[Excerpts from a dataset]
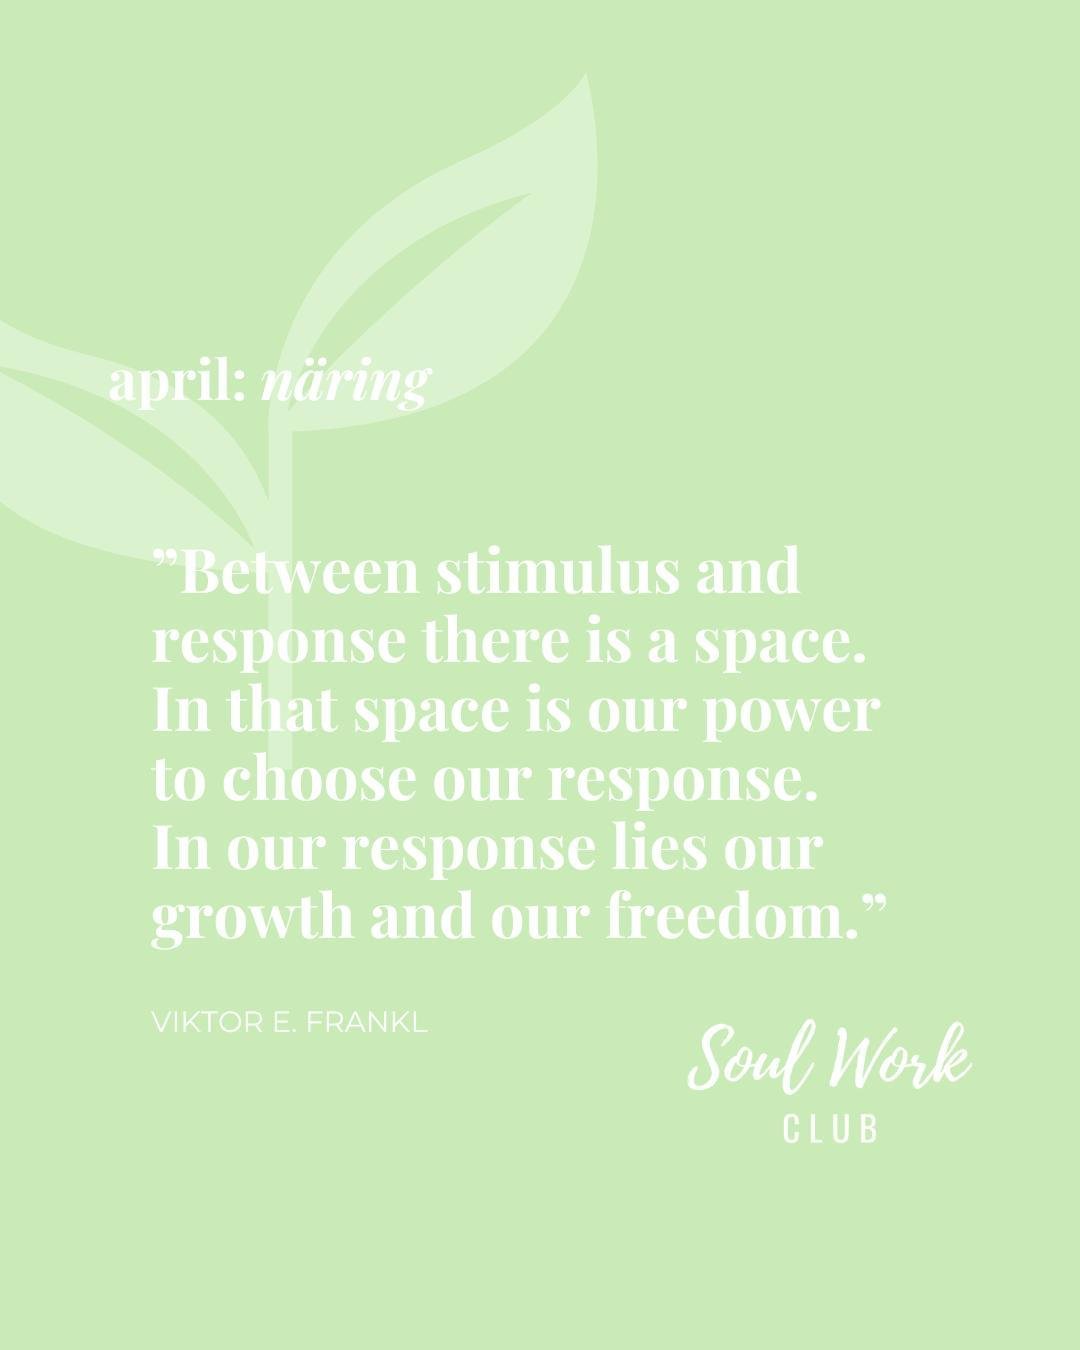 &rdquo;Between stimulus and response there is a space. ⁠
In that space is our power ⁠
to choose our response. ⁠
In our response lies our growth and our freedom.&rdquo;⁠
&ndash; Viktor E. Frankl⁠
⁠
S&ouml;ndagar i klubben &auml;r f&ouml;r SoulSurfing:

=== What you need to do ===
In the answer, include exactly the lines from the line containing "In that space is our power ⁠" through the end of the data, and nothing else.

=== Answer section ===
In that space is our power ⁠
to choose our response. ⁠
In our response lies our growth and our freedom.&rdquo;⁠
&ndash; Viktor E. Frankl⁠
⁠
S&ouml;ndagar i klubben &auml;r f&ouml;r SoulSurfing:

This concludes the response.